Wait times are intermittently spiking to 100 or more seconds on all clouds. These spikes only last about three minutes and occur about once every two hours. We are investigating the cause.
2019-August-08 Service Incident
Incident Report for Sauce Labs US West Data Center
Postmortem

Dates:

August 8th, 2019 07:35 -13:22 PDT

What happened:

Intermittently, customers couldn’t start tests and wait times exceeded normal durations on the Windows and Linux cloud.

Why it happened:

A routine code deploy caused a short disruption to our service. These short disruptions are normal for any cloud service and ours is designed to recover within seconds, with no impact upon customer testing. However, a combination of recent changes to our service made the normal recovery process fail on the PC/Linux cloud. These factors included slightly slower boot times on our VMs and recent increases to the size of the cloud. The code deploy also coincided with a high volume of tests, which made the recovery process yet more difficult. Consequently, the PC/Linux cloud was unable to boot enough VMs of the most requested images to keep up with demand.

How we fixed it:

We corrected this issue by throttling traffic and manually adjusting our scheduling logic until the system cleared the backlog of customer demand.

What we are doing to prevent it from happening again:

We’ve improved the performance and logic of the key cloud state management service, addressed slow boot times on the affected hypervisors and added better alerting. In addition, we developed a new set of tools and procedures to deal with this much more quickly should a similar issue arise. We are also reviewing our test coverage for the scheduler to find any similar corner cases we may have missed.
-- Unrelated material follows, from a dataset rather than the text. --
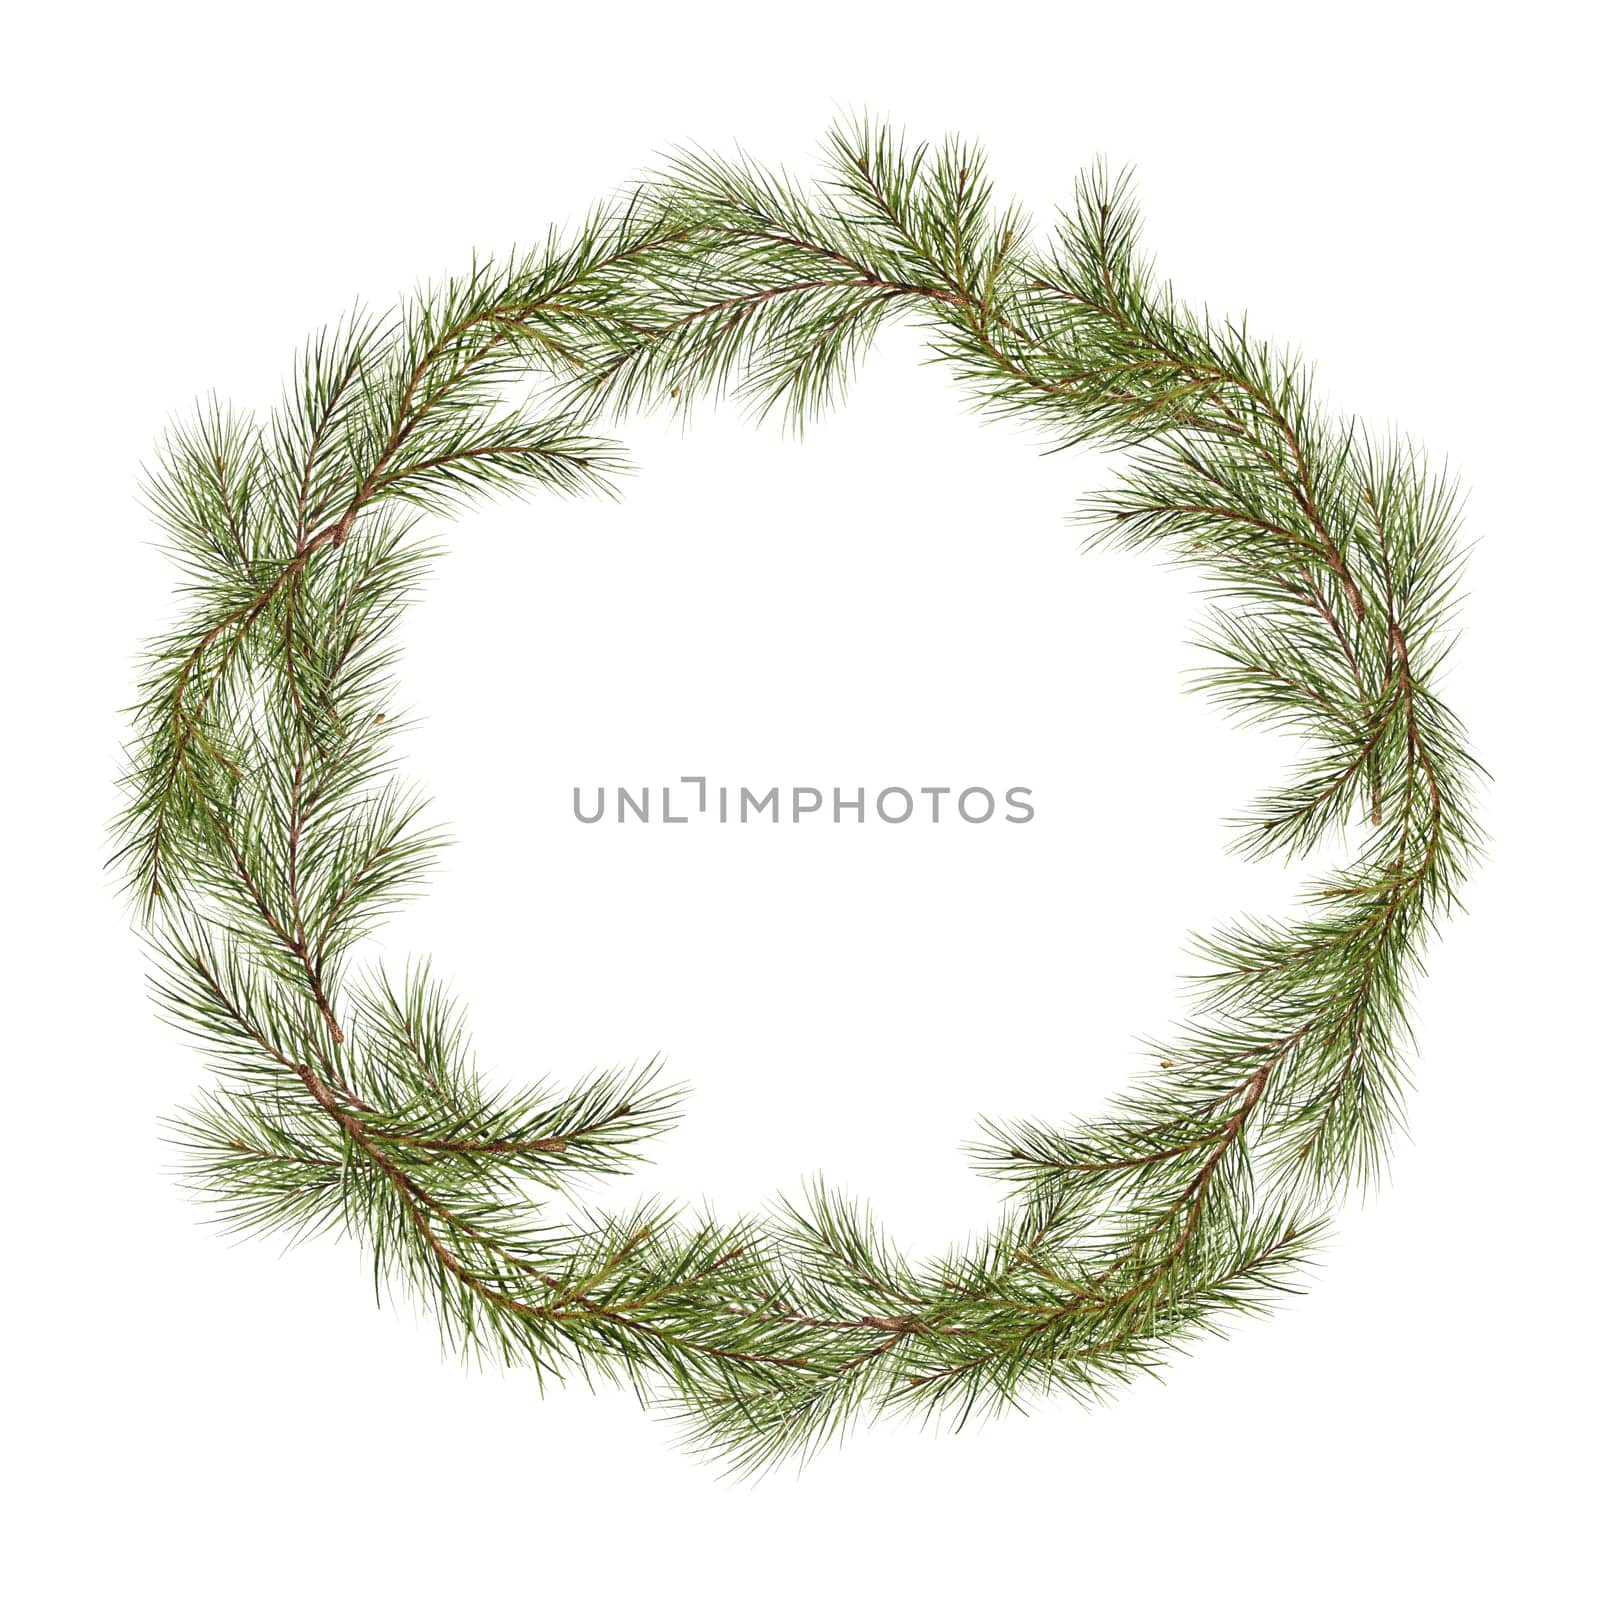 Basic Christmas wreath crafted from pine boughs. Circular frame with space for text. Evergreen for the festive tone. Template for holiday cards, invites, and more. Watercolor digital illustration by Art_Mari_Ka
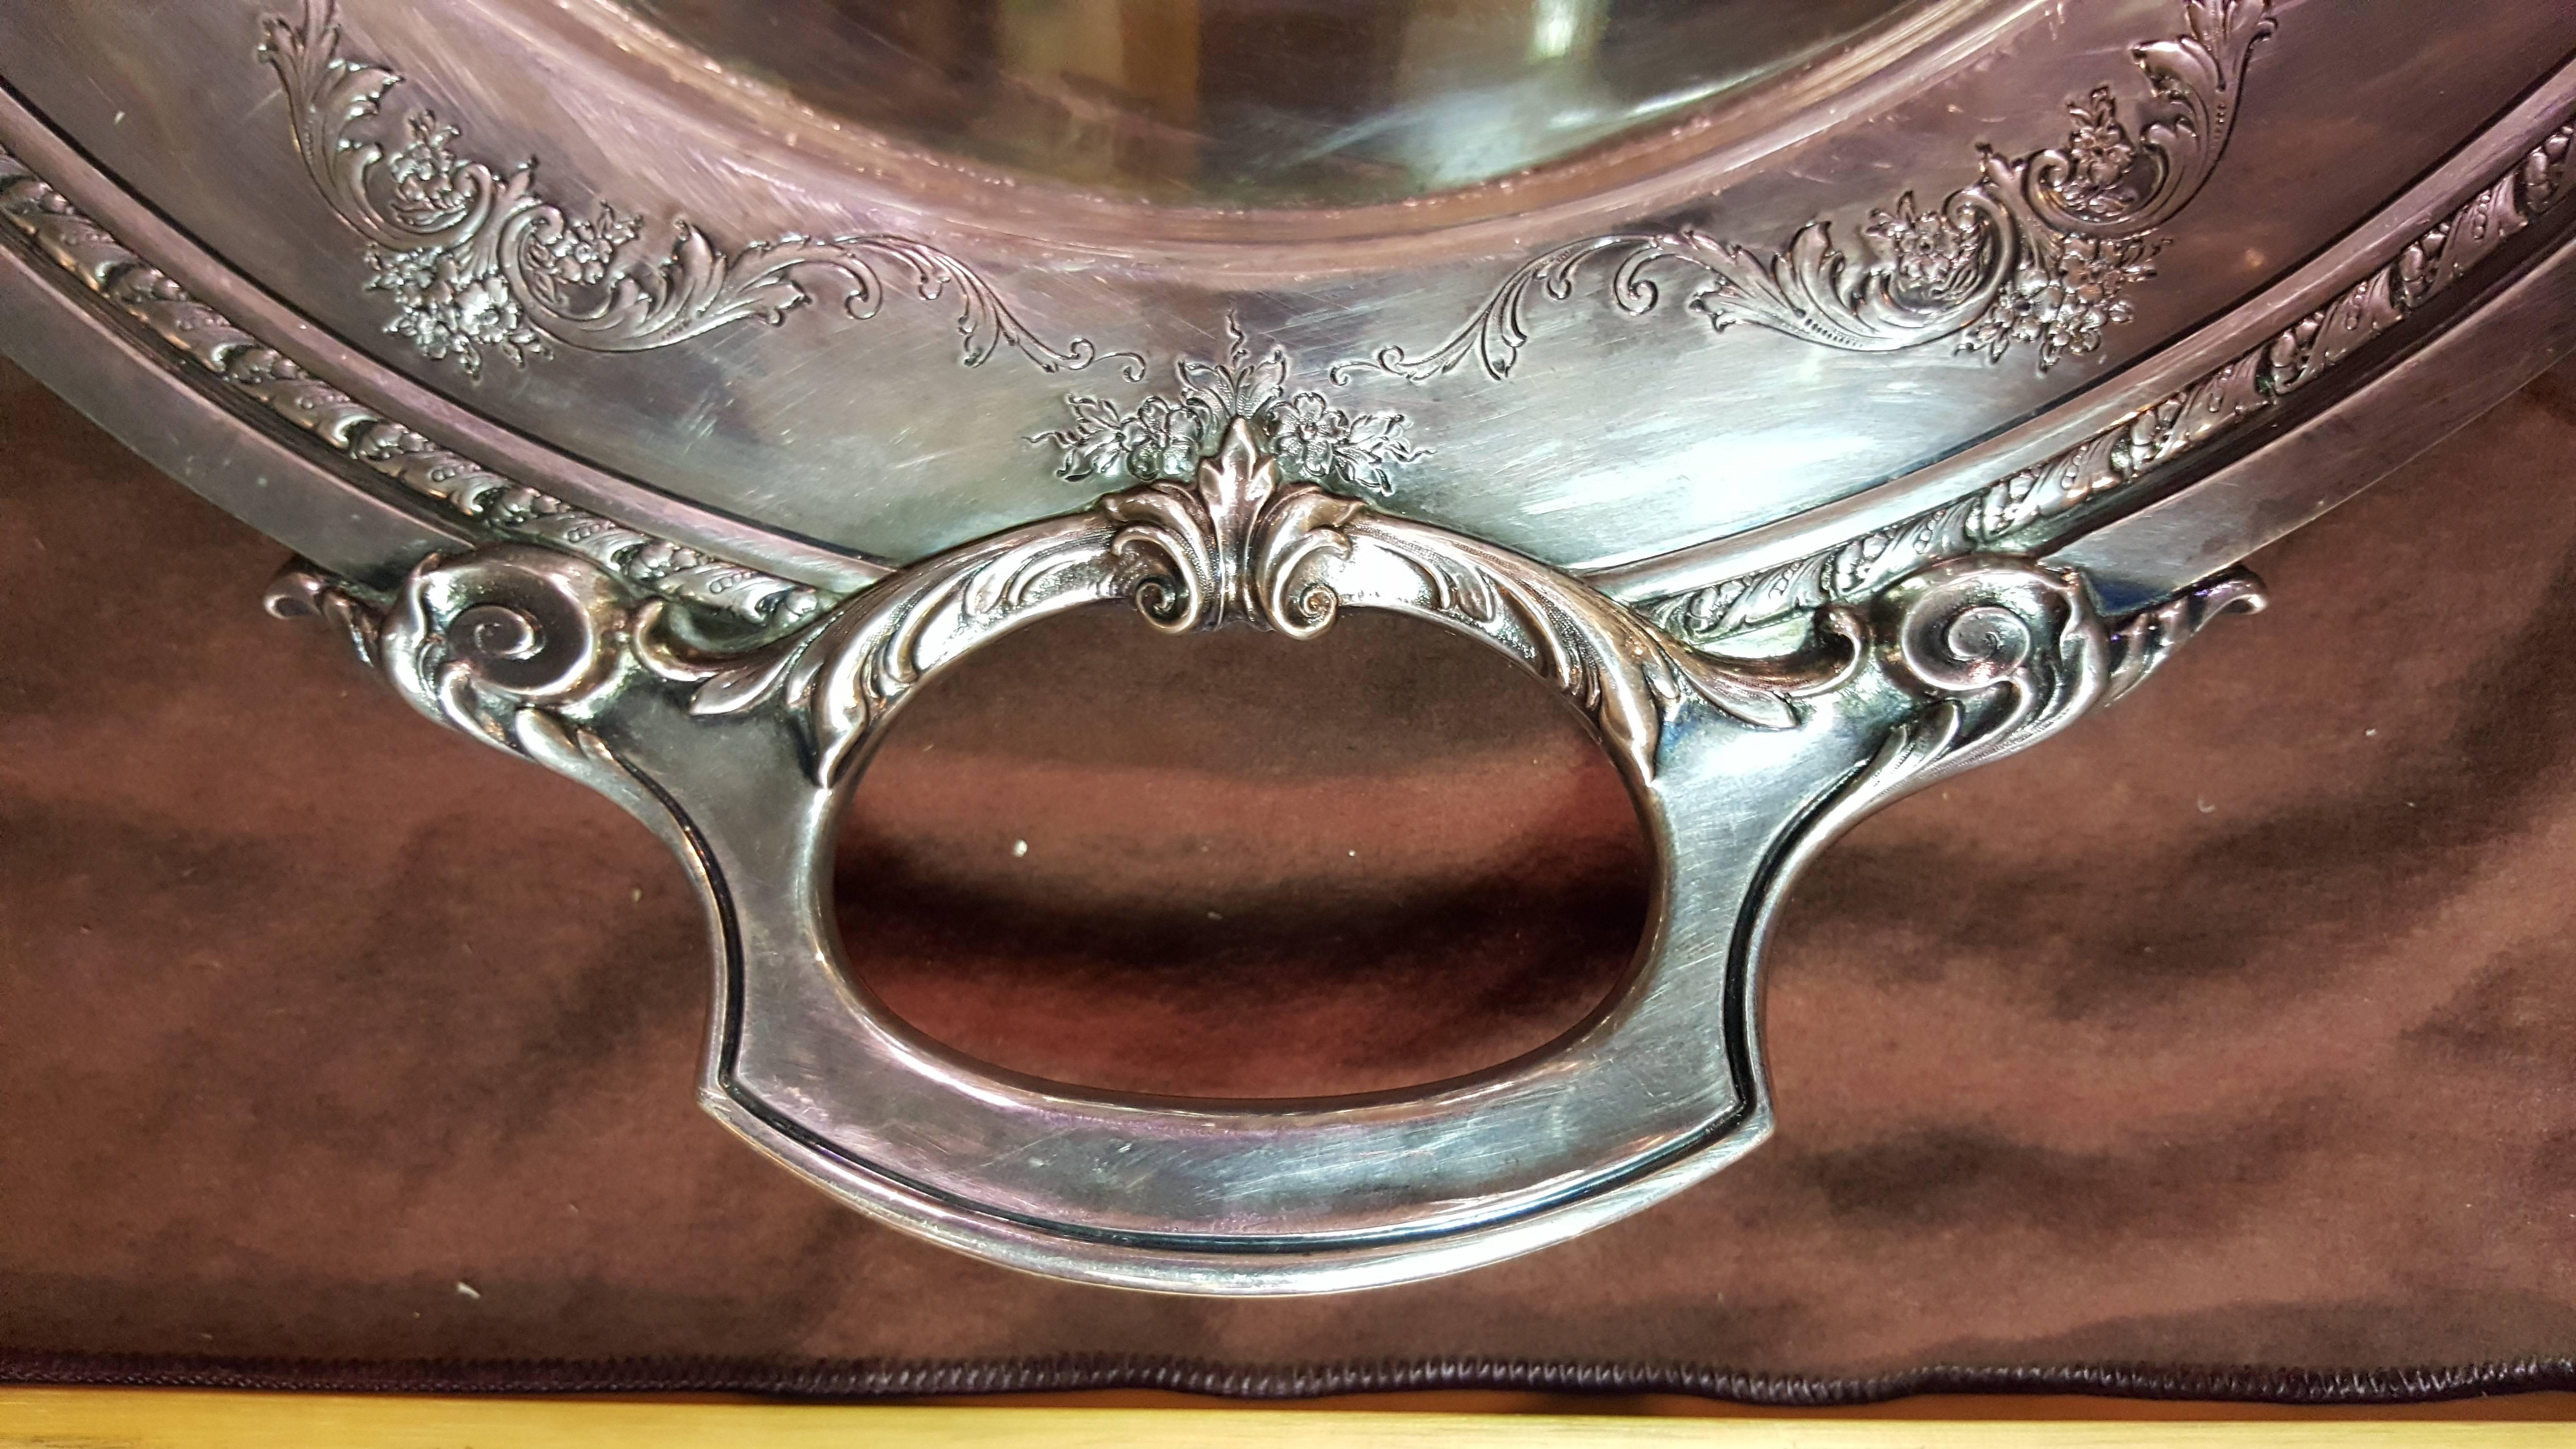 Towle silversmiths "Virginia Lee" six piece sterling silver tea set including handled tray. All pieces marked sterling. Substantial tray measures 28.5" W 19" H. Coffee 10" H, Teapot 7.5" H.

Posted 2 days ago. Aug 15, 2019 - 17:46 PDT

Resolved
All services are now fully operational.
Posted 9 days ago. Aug 08, 2019 - 13:22 PDT
Update
The PC cloud is recovering but still experiencing high wait times and failures. We are taking remedial action.
Posted 9 days ago. Aug 08, 2019 - 11:12 PDT
Update
Mac and iOS Simulator tests are now running normally. We continue to investigate high wait times in our PC cloud.
Posted 10 days ago. Aug 08, 2019 - 09:13 PDT
Update
We are continuing to investigate this issue.
Posted 10 days ago. Aug 08, 2019 - 08:49 PDT
Investigating
We are experiencing high wait times on iOS simulators, PC and Mac. We are investigating.
Posted 10 days ago. Aug 08, 2019 - 08:07 PDT
This incident affected: Manual Testing (Manual VM Testing) and Automated VM Testing (Automated PC Testing, Automated Mac Testing, Automated iOS Simulator Testing).